Setting up shop in Singapore

I’ve recently been looking into the regulations surrounding setting up a formal fund management company in Singapore. There have been a number of proposed changes to the regulatory framework recently, which will limit new fund managers who want to set up shop in Singapore. While these regulations won’t stop a majority of fund managers setting up, I’m unsure whether they’ll have their intended consequence – increasing investor confidence and reducing the impact of a macro shock – in the current form. A more finessed version would be a more appropriate remedy for an industry that has been chewing on a bitter pill for the past couple of years.

 

In late September 2011, the Monetary Authority of Singapore (MAS) issued a consultation paper entitled “Proposed Enhancements and Draft Legislative Amendments to Give Effect to the Regulatory Regime for Fund Management Companies.” Specifically, this will impact Exempt Fund Managers (EFM), who were subject to limited regulations previously. While the draft legislation hasn’t been enacted yet, the MAS is expecting any new funds to either already meet the regulations or have plans in place to be able to meet them. There will be no grandfathering (i.e. allowing funds that meet existing requirements but will not meet the new requirements to continue to operate).

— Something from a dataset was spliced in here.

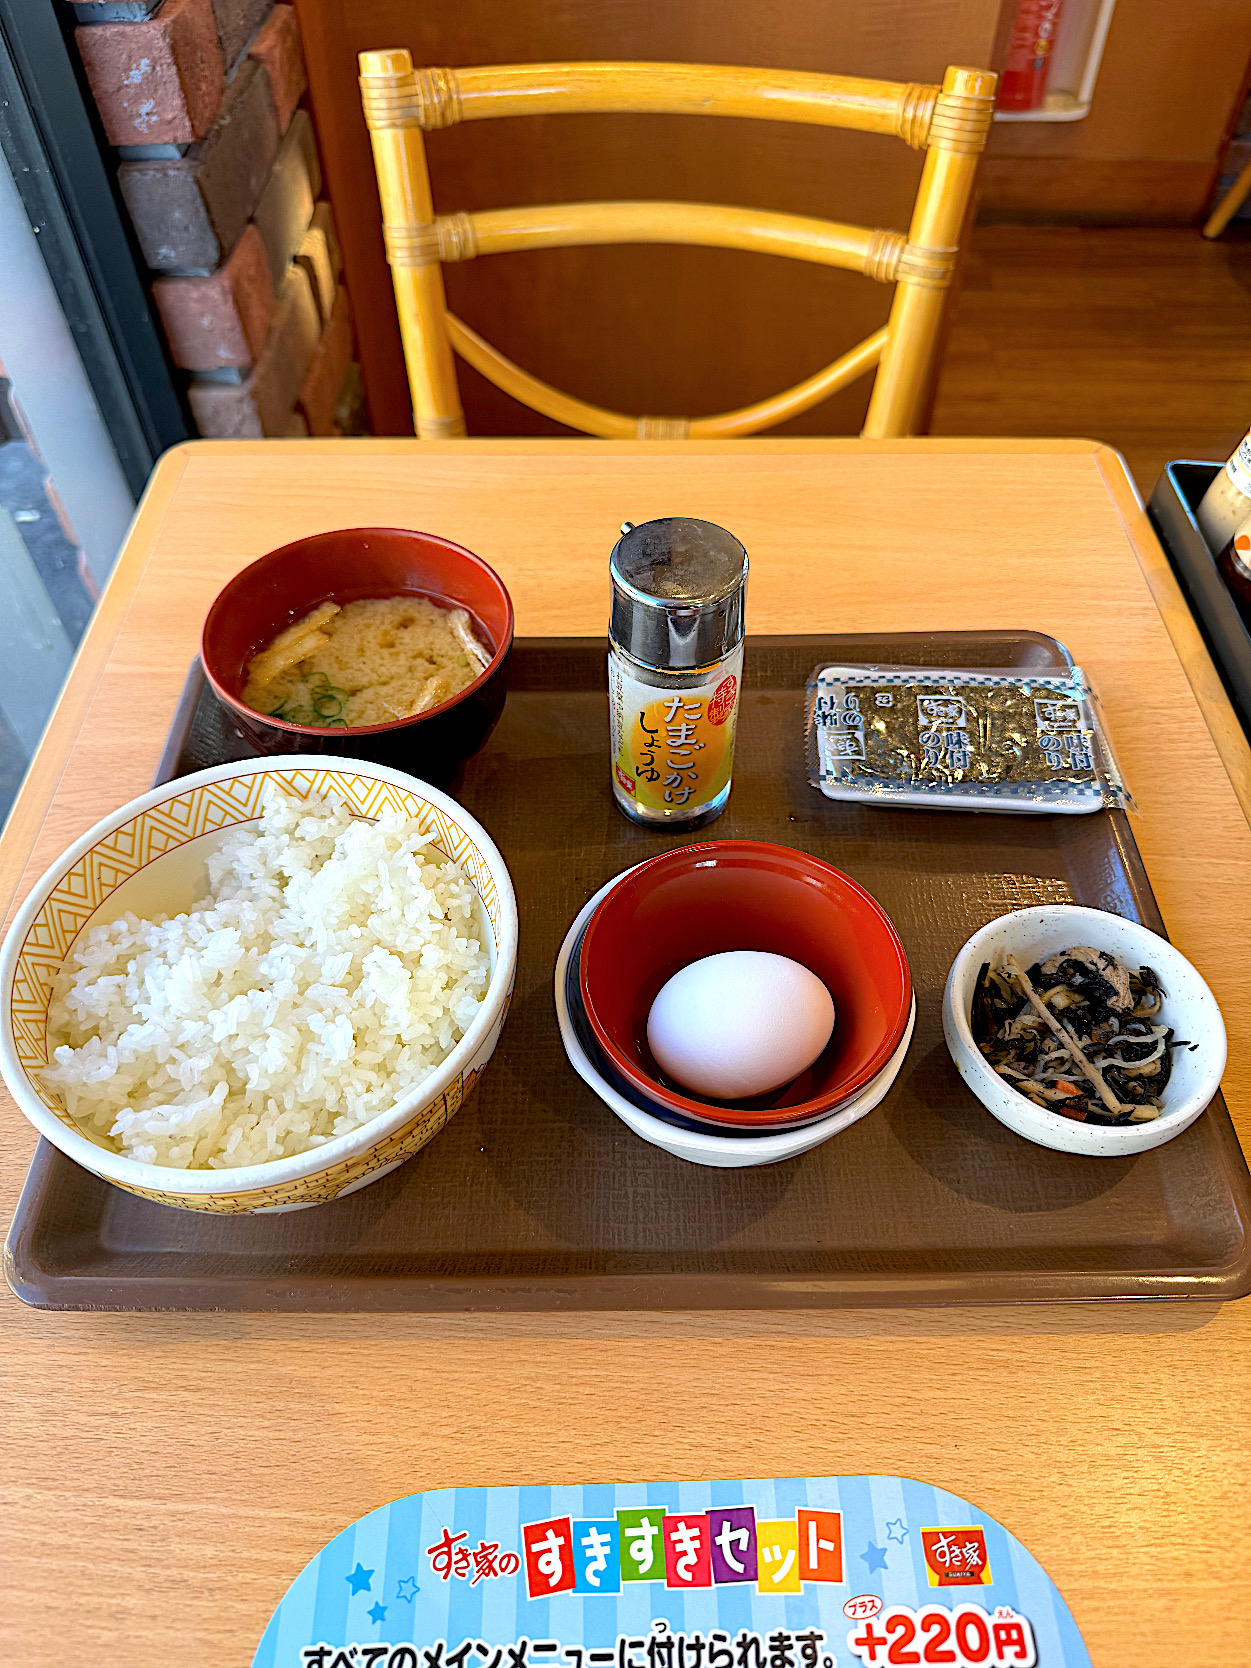 すき家のおすすめモーニング「たまかけ朝食」

EFM will be classified into 3 key categories following the change: Notified FMC, Licensed Accredited/Institutional Investors (AI/II) FMC, and Licensed Retail FMC.  The latter category will likely be subject to existing Capital Market Services license requirements.

There are other requirements that I haven’t outlined here. See the below documents for more information:

Singapore Fund Management Regulations

Singapore Fund Management Regulations

MAS consultation paper

Enhanced regulatory regime for Singapore fund management companies – EY

Changing Regulatory and Tax Environment for Exempt Fund Managers in Singapore

Useful site on the existing regulations

Overview of the initial MAS response to the consultation paper

My Thoughts:

While this might give more credibility to the fund management industry in Singapore, it’s going to limit the amount of entrepreneurial fund managers that are able to start up. Financial markets rely on entrepreneurial people attempting to exploit inefficiencies in the market and as a result help to provide the efficient allocation of capital. A couple of years ago commentators were suggesting there were too many hedge funds opening in Singapore now it will seesaw the other way. There will only be room for larger operations because of the new regulations.

This will have 2 key implications: 1) Singapore will attract more investors who want to invest in a safer environment. However, a lot of the funds that are operating in Singapore will be investing in other countries with less regulation. This will make Madoff style incidents less likely to occur but won’t stop the Sino-forest incidents. 2) Singapore will become a hub for large asset managers. Hedge fund managers, will tend to go offshore to take advantage of lower capital requirements. The investors who are looking for a little extra sambal in their chicken rice will follow them. This will likely see another jurisdiction experience a boom in their hedge fund industry and less investors looking at Singapore, why go through the bother of having to deal with two sets of regulations and two tax jurisdictions when one will suffice. In the end Singapore could become more reliant on the bigger asset managers and in turn more susceptible to macro economic events.

I’d propose a middle ground, whereby; hedge funds that are currently operating can be grandfathered into the new regulations while given additional time to meet the new requirements and the oversight of smaller hedge funds is increased, through a new branch of the MAS. The new regulations go halfway by creating the new schemes (Licensed AI/II and Licensed Retail) with oversight still provided by the same technocrats that would be overseeing the larger Asset Managers. I agree that something needs to be done to the regulatory environment but believe that it should be done with a little more finesse opposed to wielding an authoritarian axe down on an already brittle industry.